If your wife is going to the counseling session to try and save the marriage, then I think it would be a bad idea to use it to iron out a separation. Either let your wife know beforehand that you want to use the session for that, or use the session to try to work out the marriage. As for Christmas - holidays are stressful enough. I'm sure it would be okay for you to miss this one, given the situation that you're in. Even though you like your mother-in-law, missing this event will not be the end of the world for anyone. 

That's my opinion. Hope it helps.


----------



## DawnD (Sep 23, 2009)

I agree that using the counselor as a mediator probably isn't the best idea, but the counselor can honestly look at the both of you and let you know what they see. From that you both can make informed decisions.

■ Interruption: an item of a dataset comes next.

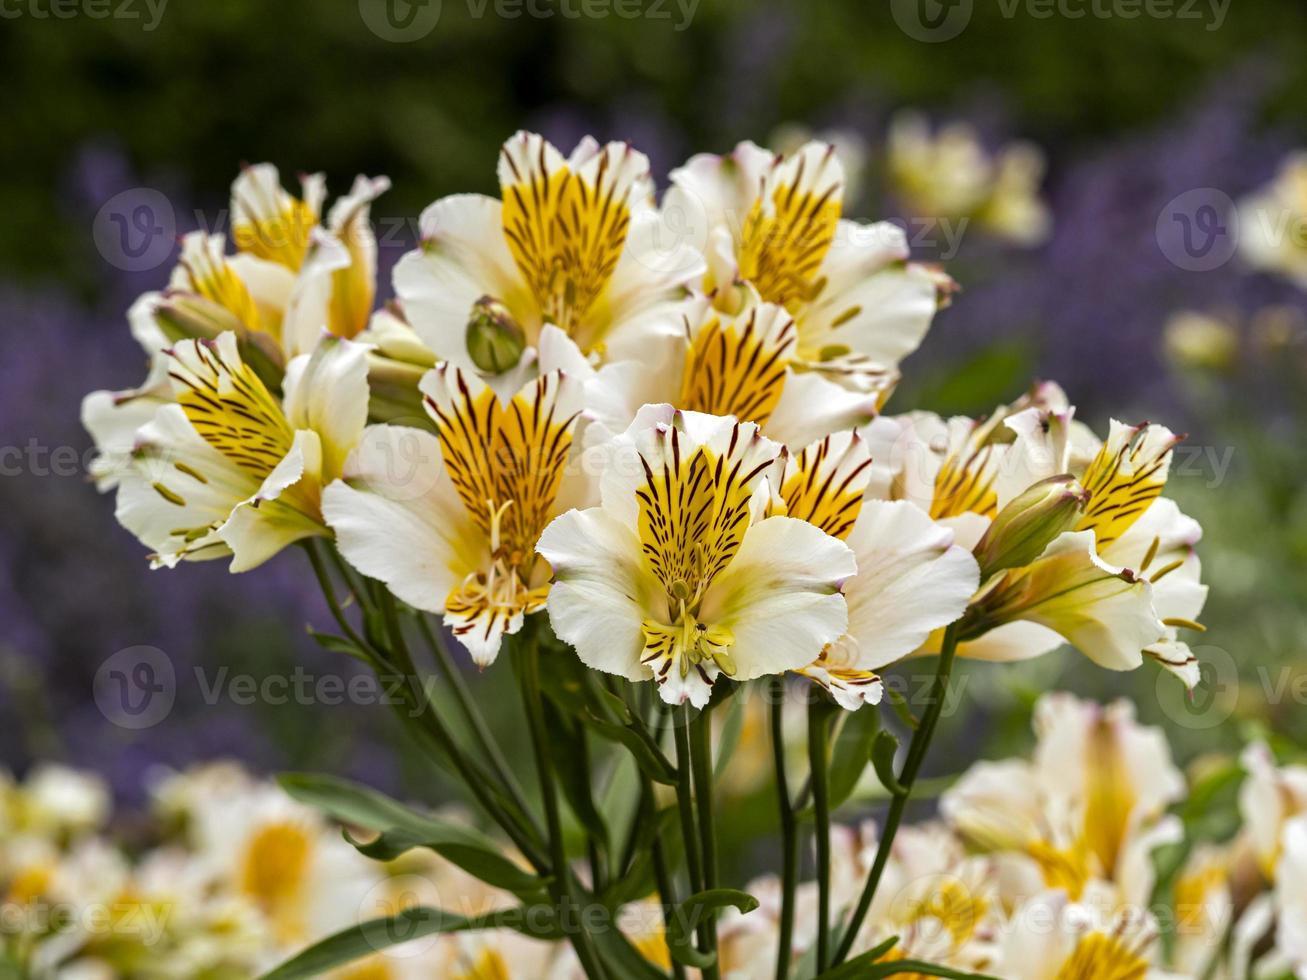 Lys péruviens alstroemeria blanc et jaune photo

Honestly, I would think that it would be better for you not to go to the holiday celebrations together, it would be awkward. That and I wouldn't want to make anyone else unhappy during Christmas, so I would opt out and make some small plan to have the holiday elsewhere. Sounds logical to me!


----------



## lastinline (Jul 21, 2009)

Thanks for your responses alone in love and DawnD. I appreciate the Christmas hallpass guys, it really goes nice with my shoes. 

As for the mediator issue, I did inform her in advance that this was in fact my primary intention. That being said, the only one who will be "in the dark" I guess is our counselor, and he'll find out soon enough. 

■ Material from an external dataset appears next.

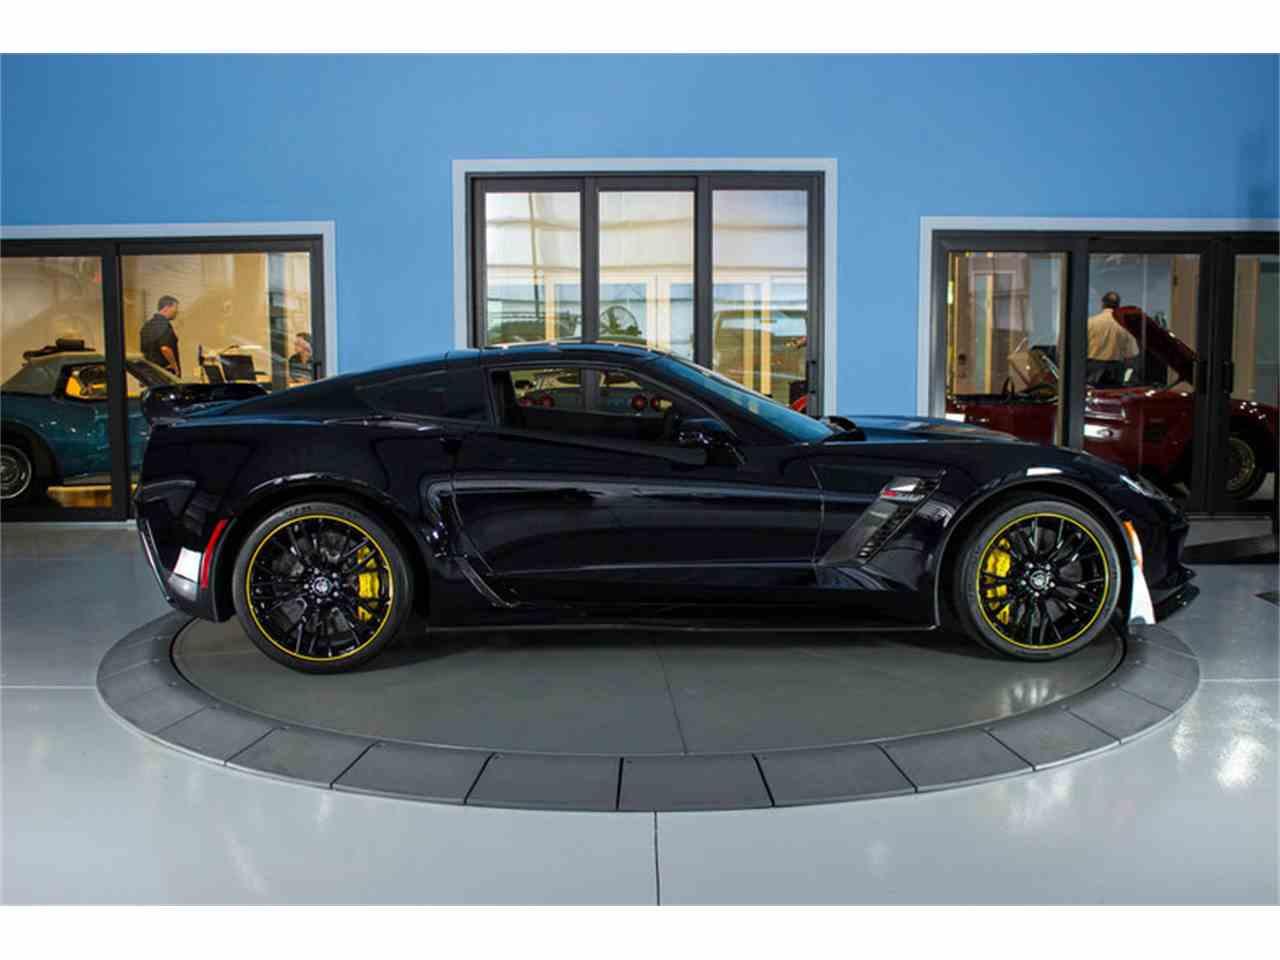 Large Picture of '16 Corvette Z06 - $99,997.00 - M7FW

My goal from counseling with her is just to reestablish healthy communication, so we can effectively co-parent and unravel our lives from one another. LIL


----------



## DawnD (Sep 23, 2009)

Oh, well if she already knows that then go for it man. I agree that co-parenting will take some really effective communication skills and I hope that it can be a painless process for you both. 

LOL @ the hallpass going nice with your shoes. Have you planned on having a Christmas celebration with just you and your children?? H and I will celebrate one here with our kids Saturday and then have a small one with his family on Christmas day.


----------



## swedish (Mar 6, 2008)

I would base this decision on how the children will react and whether they have been told yet about your impending divorce. I don't think Christmas is the right time to explain the real reason you are not there & sometimes it's worth enduring a lillte awkwardness to keep their lives as stable as possible until the inevitable separation occurs and they have been properly informed of the situation.


----------